Both parts as implemented take roughly the same amount of time. I’m sure that my parsing is super sloppy and can be improved, it should not take so much time.

Parsing

SIMD compare, generate a movemask, shift and pop to extract strings. For each string, truncate to the first 8 characters, hash and push to the right buffer based on the length. I think appending to the buffer based on length is slow, and incurs a lot of thrashing, but I haven’t done a deep dive.

Unique counting

I use a simple table with an n-bit index and a m-bit value. For a hash H with atleast n+m bits, the index is the lowest n bits and the value is the highest m bits. With a good hash, this order does not matter, ie you can swap it around and let the bottom m bits be value and the next n bits be index.

To insert, probe the index. There may be three cases for the value stored at the index:

1. If it equals the value being checked, it’s a duplicate.
2. If it’s 0, insert the element and increment the count of unique elements.
3. For all other cases, we have a collision.

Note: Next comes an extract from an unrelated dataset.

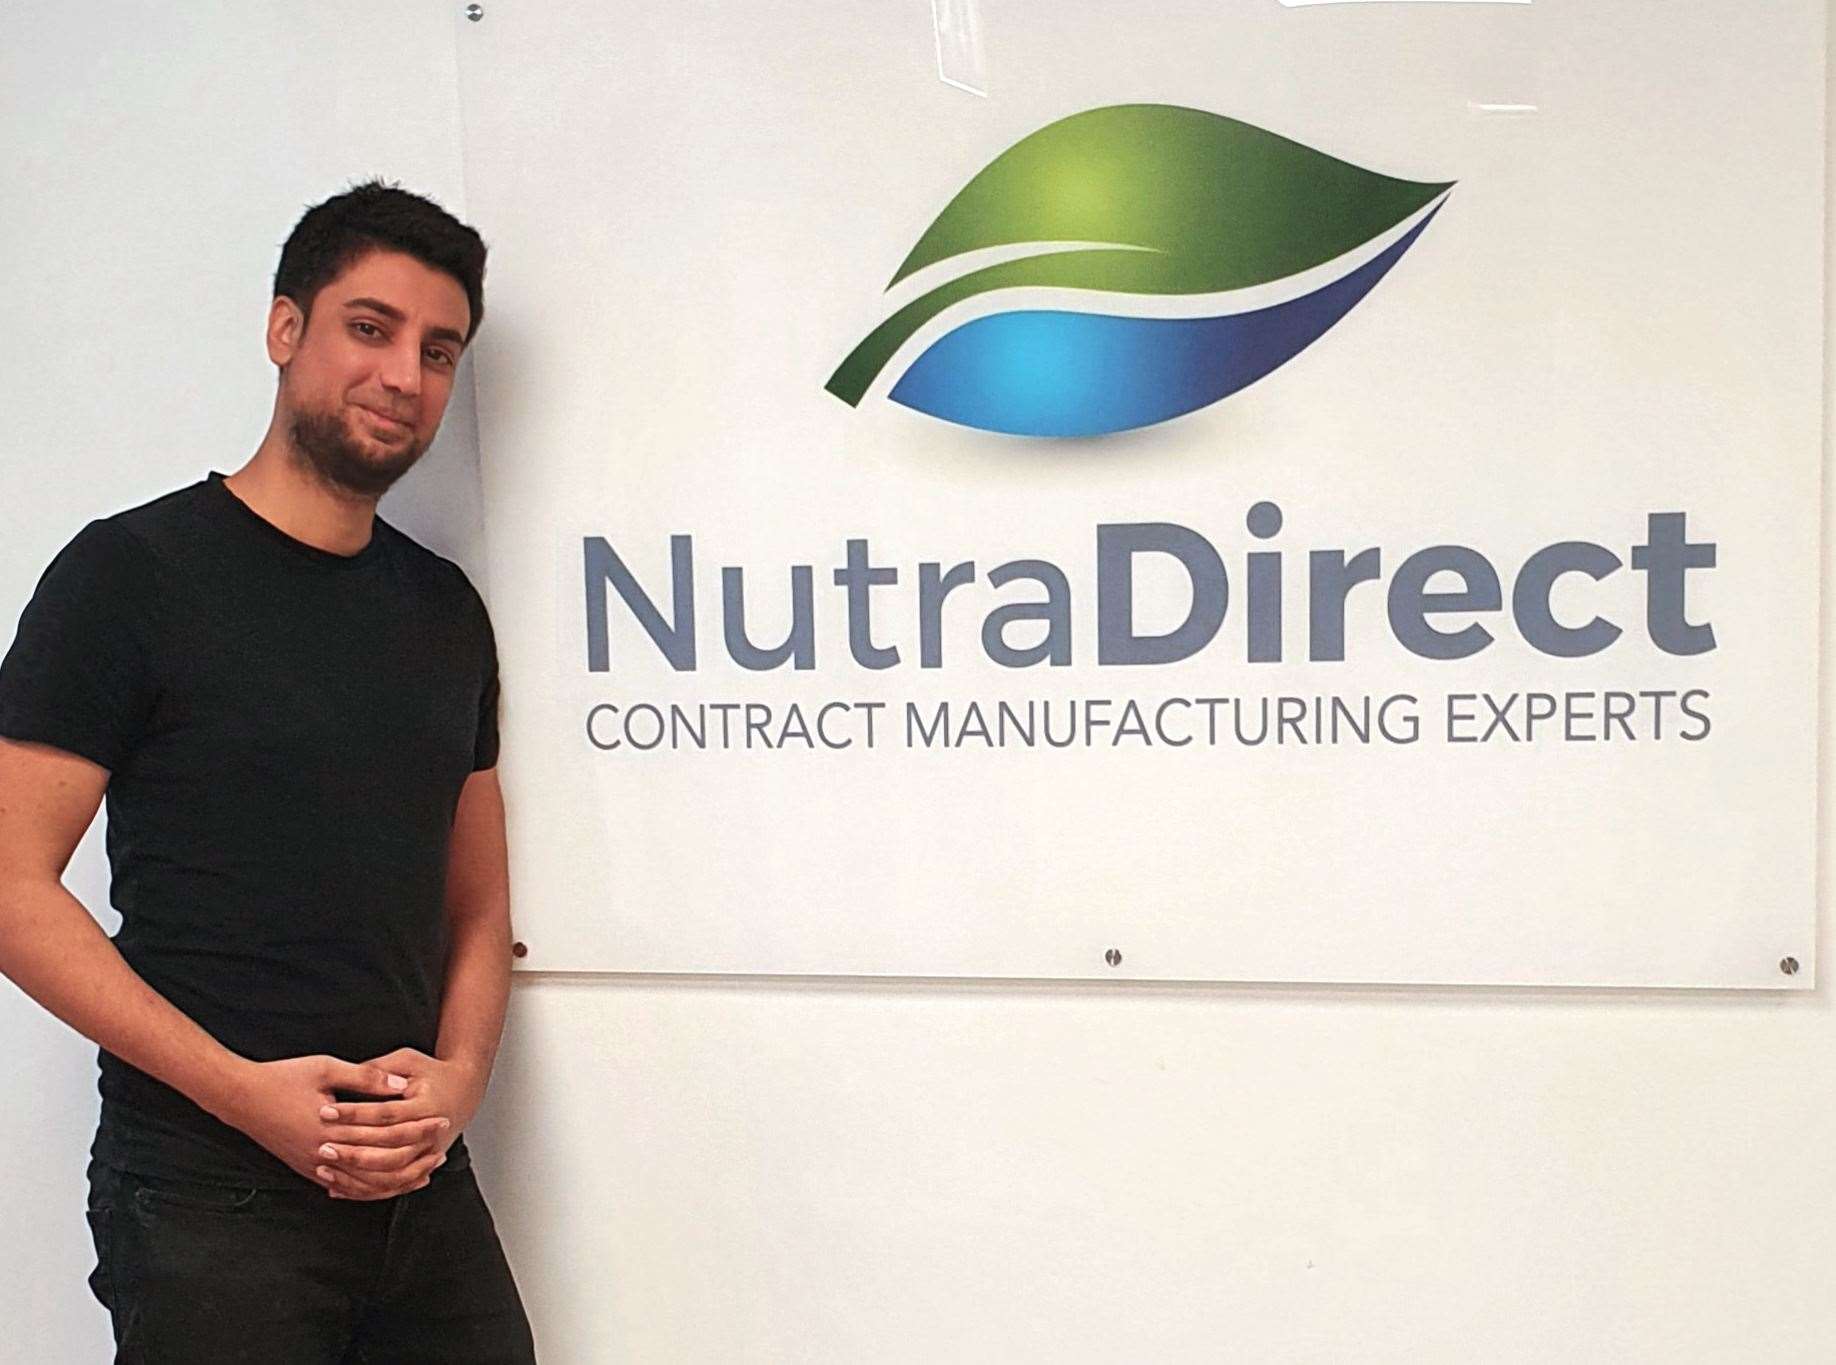 Bal Sandher has been named Entrepreneur of the Year for his work at Hectic Lifestyles, trading as NutraDirect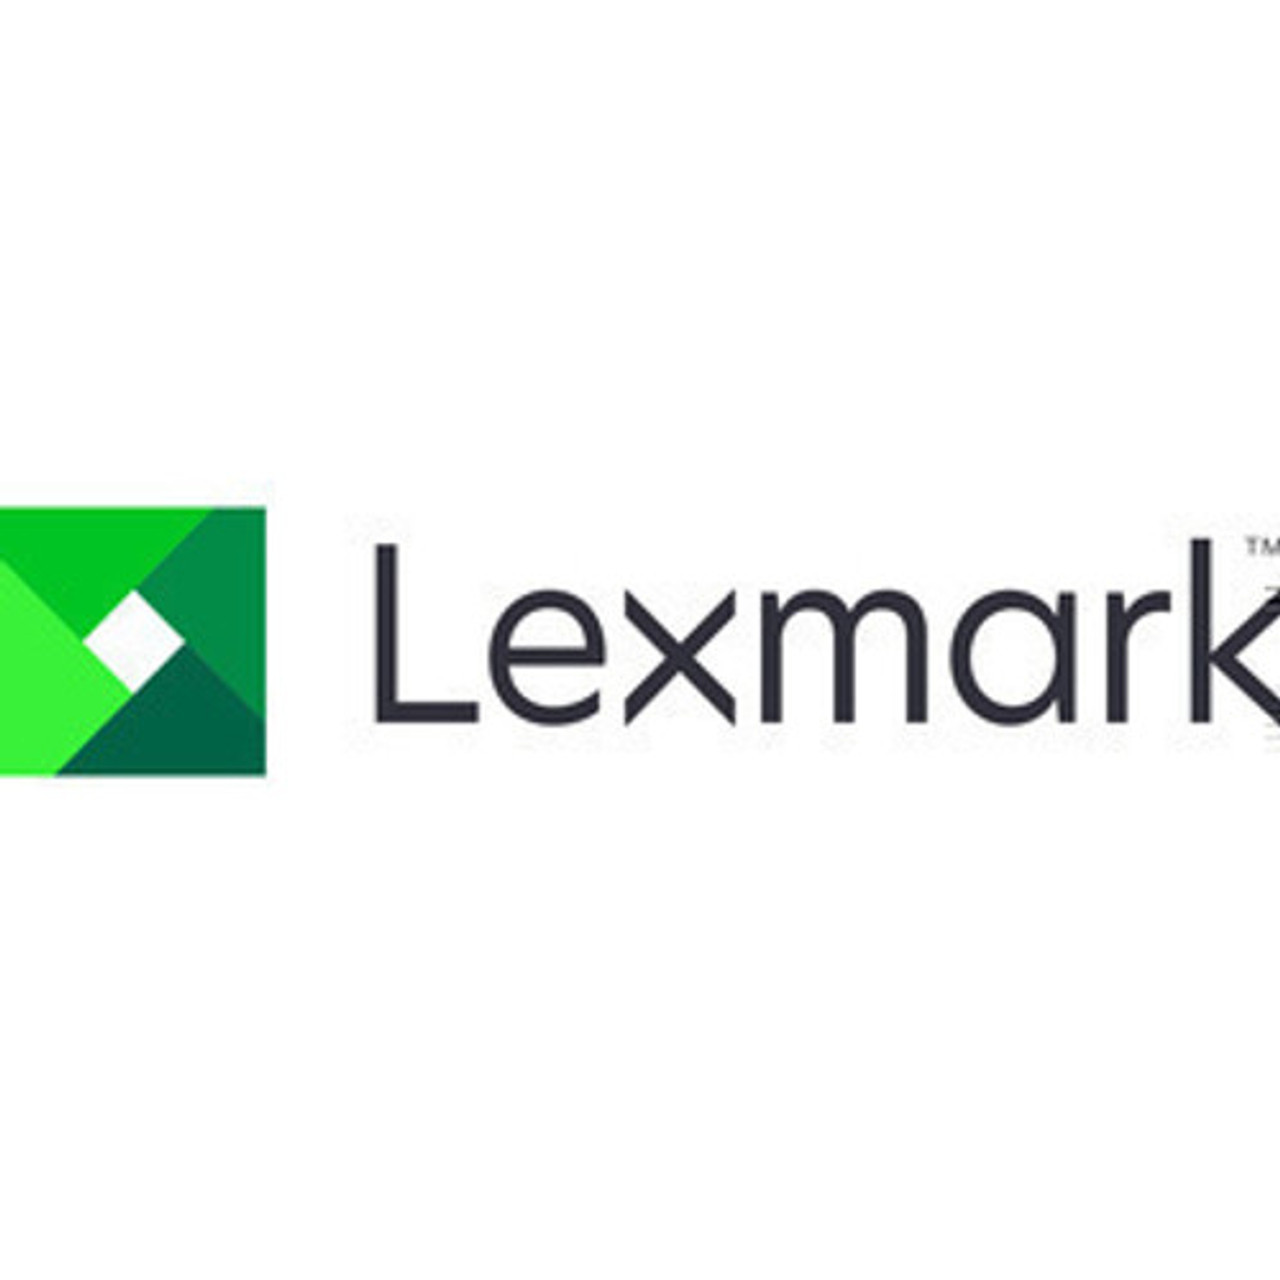 Lexmark Low Voltage Power Supply Card Assembly - 40X4355

Note that if we inserted 0 at index k and then try to insert v at index k, it should be a collision, but since we use 0 as the empty slot indicator we’d count a false positive (something that’s not a unique element but is counted as if it is one). This is bad luck, and with a large enough value of m given the constraints of this problem, this never happens in practice.

If we have a collision, push the hash into an ankerl::unordered_dense::set. The final answer is the count of elements in the table, plus the count of elements in trickles.

To select m and n, Increasing n will give you fewer collisions, but under the constraints of this problem you need an address space of 39+ bits to have no collisions, so purely trying to reduce collisions is not a good strategy.

The graph above is what I used to set constraints. We want m+n to be such that there are no false positives, and n is as high as possible to reduce the number of trickles we have to handle. This gives n = 20 and m = 32 as reasonable constraints. m has to be a multiple of 8 so comparision is word-based.

I’ve tried quite a few other data structures (swiss tables, cuckoo filters) and probing techniques (linear, quadratic, robin hood) but this structure wins against them. Most of my testing was on a prior solution that found all the duplicates in one pass instead of partitioning by length though, so there’s a chance another data structure wins on the smaller amount of data we need to process when bucketed by length. Considering I’m not first, I’d say this is true.

Thoughts

This is a really good problem because there’s a lot of other problems that can come out of it, combined with not many resources being available online and a sparse leaderboard. Zielaj recently went under a 100k, and there’s still edge to be found in the parallel formulation. It was also a fun problem to hunt down the generator’s formulation, maybe more than I had solving the problem itself.

I think there are some fancy 80/20 tricks that can come out of the generator’s structure, such as precomputing a faster duplicate check filter after processing the first 2M elements and using that on the following 28M elements to speed up checks.